The first principle of Personal Development that was outlined in an earlier post was “acknowledge, without judgement, things as they are.”
Although not in itself sufficient for PD, this is certainly a necessary pre-requisite mental attitude; a stance of genuine curiosity about (and a conceptual uncoupling from) things. It turns out that we are already in trouble when we assert that there such things as “things”, but until now we have had little choice because the English language tends to be steadfastly material in its assumptions of the world. The world of difference, however, is notable for being immaterial.
So the second principle of Personal Development is an invitation to understand and then actively look for ‘difference’. This idea is perhaps the most elemental in Gregory Bateson’s relational view of the world and one that I have blogged about several times over the years.
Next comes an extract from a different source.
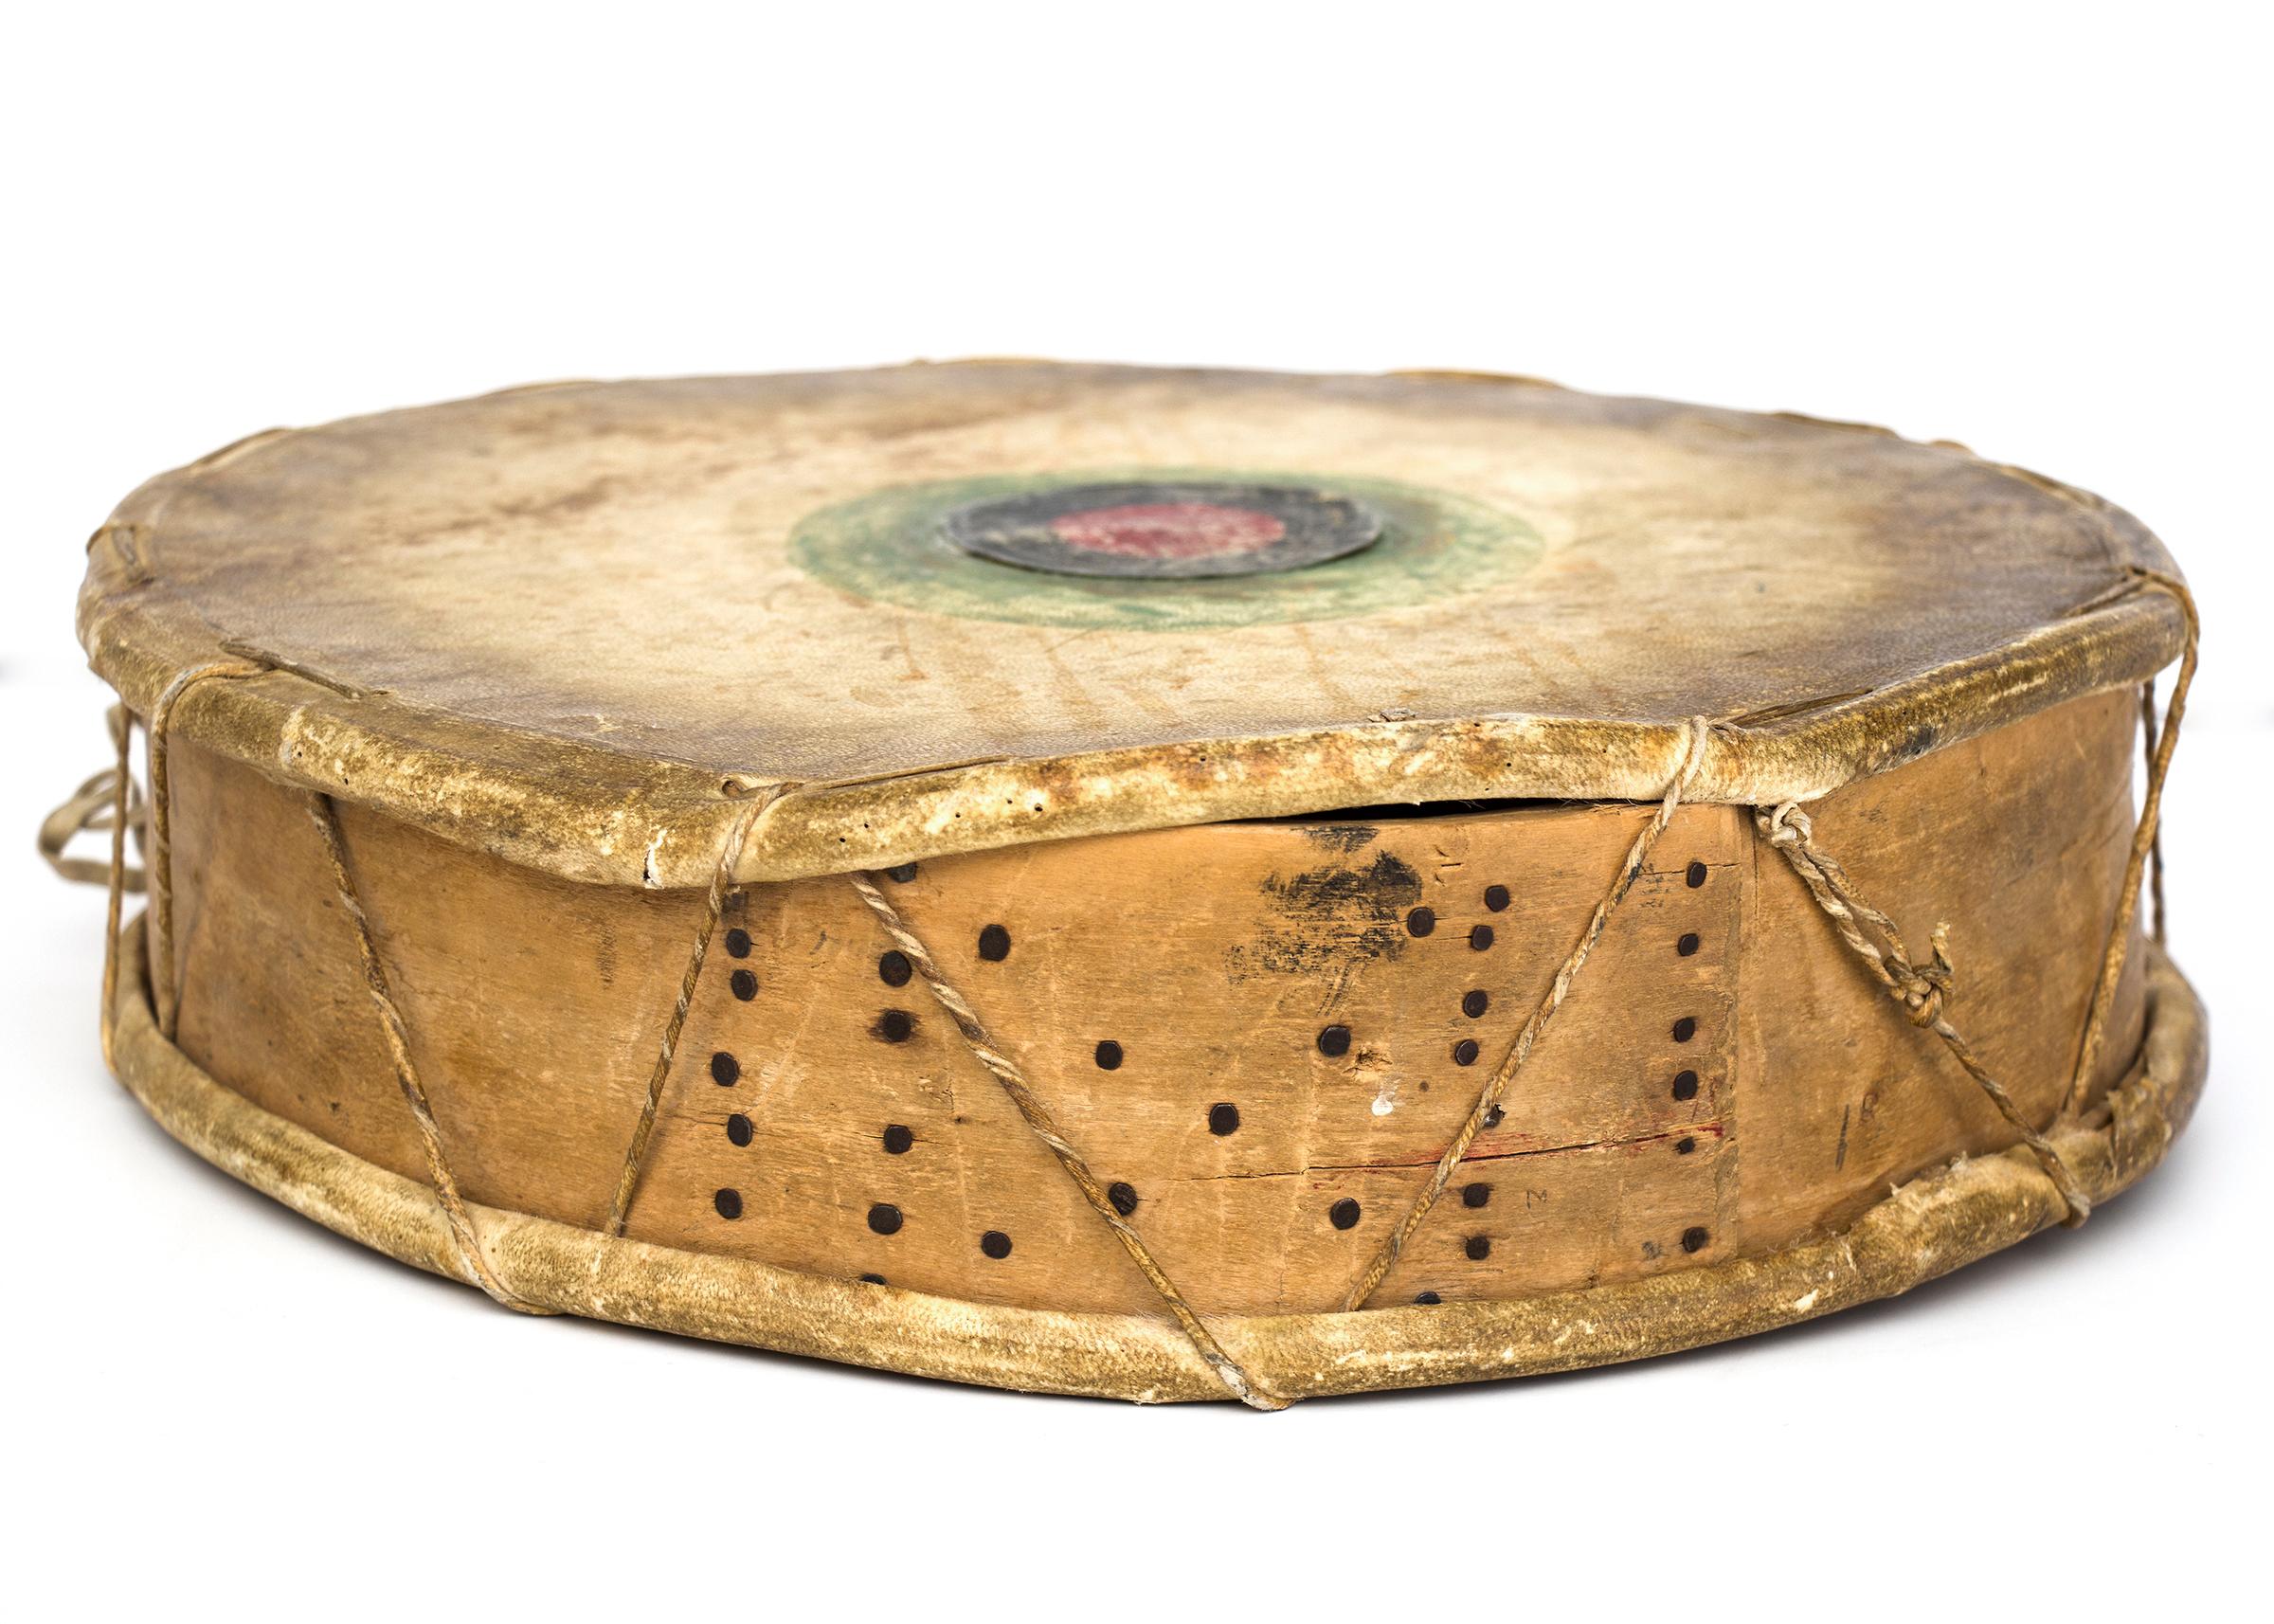 Hand-Painted Antique Native American Drum & Beater, Sioux 'Plains Indian', Early 20th Century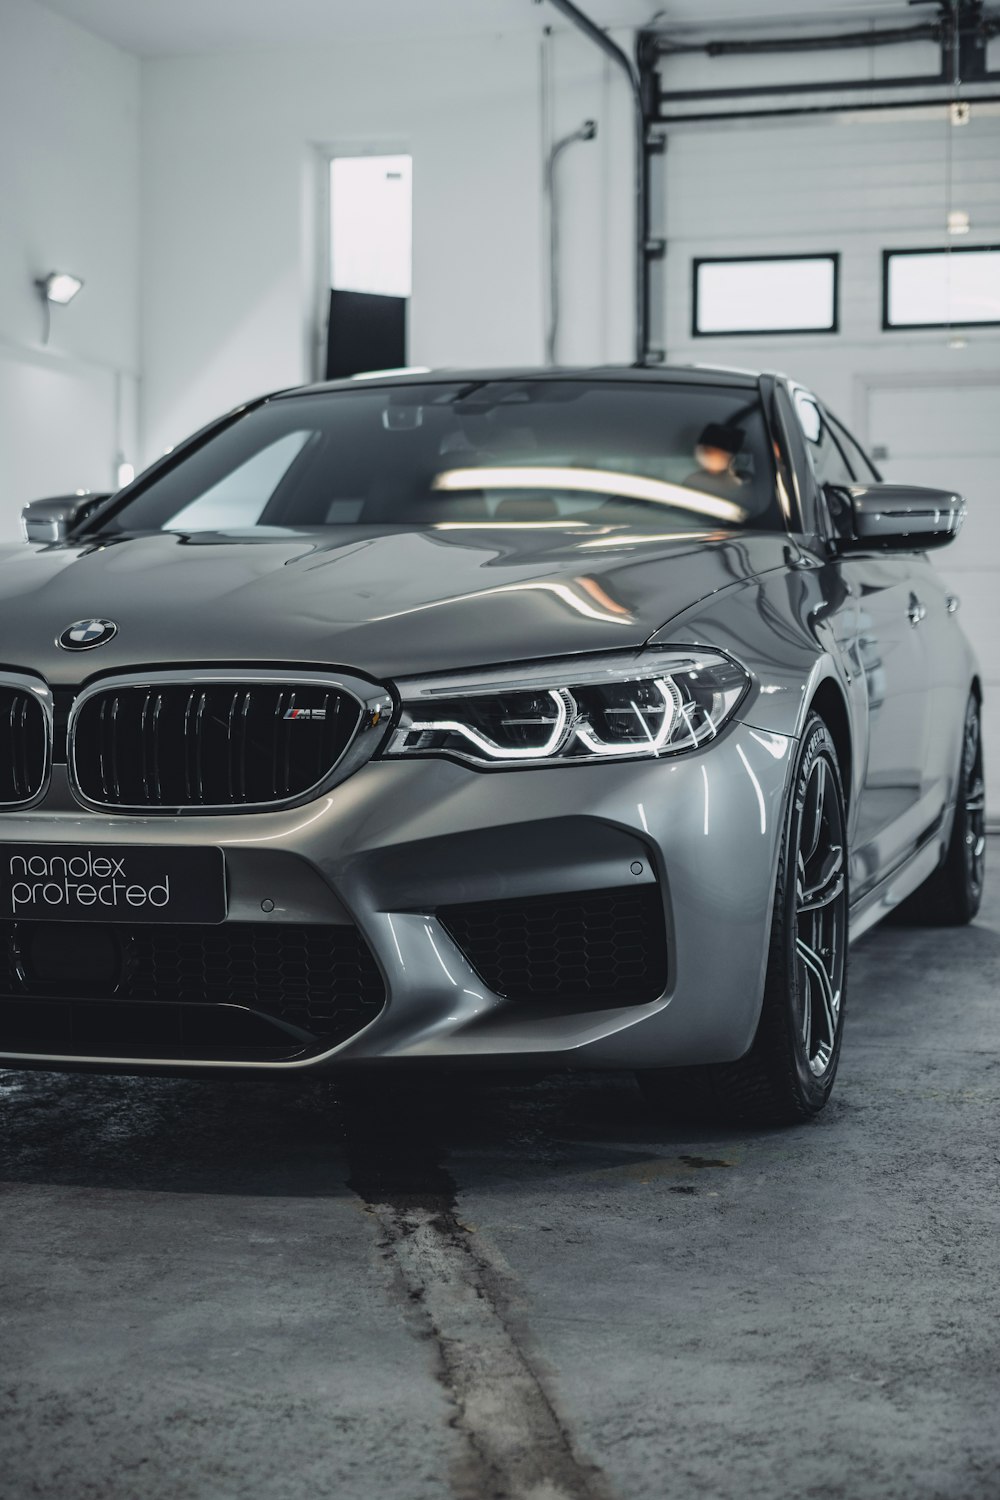 Bmw M5 Pictures Download Free Images On Unsplash

However, as a very brief resume, in a world of almost limitless potential bits of information which our senses detect, a difference is that bit of information that makes a difference. In other words it is an “elemental idea” whereby we become aware of the boundaries between one thing and another thing. In noting difference we must make some of sort comparison, but our comparison literally carries no weight, occupies no space, and is non-dimensional. A difference, in short, is a no-thing. Crucially, it is also not a property of any of the things we are comparing. Bateson went on to note that differences travel in recursive circuits of cause and effect in systems, and that they are transformed successively over time and are at the heart of what make living systems different, so to speak, from non-living ones.
But what does this have to do with PD and what does it mean in practice?
1. Without the relationship between ‘that which is’ and ‘that which is not’ it would be impossible to have any notion of “things as they are”, the first PD principle.
2. Meaning is achieved by the ever-present question “compared to what?” (a question that is almost always an implicit or unconscious one).
3. Every notion implies its opposite, its negation.
4. Development implies learning, learning implies change of one sort or another, and change implies some sort of novelty which would be impossible if the world were a closed system.
An example, perhaps. I recently found out that I have had a development paper accepted to a management conference in September. The paper’s purpose is just to stimulate discussion, in contribution to a given subject area (in this case ‘knowledge and learning’) and partly in order to give me some developmental feedback in peer review. The acceptance process involved some blind peer reviews, which I got to see. Two of the reviews were largely positive and quite supportive, but the third was a lot more critical. My first reaction was to accept the compliments and look for comforting support from their gentle suggestions for improvement. I dismissed the less complimentary review as being irrelevant, its author too far from my position to be of any use to me. On reflection it may be that the reviewer I didn’t agree with that will help me understand my own thinking for what it is as it exposes it to its antithesis. My job is first to note that this is the situation (acknowledge it) and note too how I feel about it, and then get curious about how such a different view clarifies my thinking. To to that, I’d need to understand that alternative argument.
In summary, in their daily working lives managers constantly (if unknowingly) make sense of what’s going on by embracing or ignoring the concept of difference and the world is an open system which operates according to an underlying pattern (or law?), regardless of our awareness of this being the case. Incidentally, because it is a property of the relationship between things and not of things themselves, the nature of “difference” is a very curious one to explore. In short, the difference between one thing and another is at a higher logical level than either of the things themselves. Bateson spent much of his life playing with the consequence of this, i.e. that ideas operate in a pattern, a hierarchy of logical levels which are immanent in social structures and systems.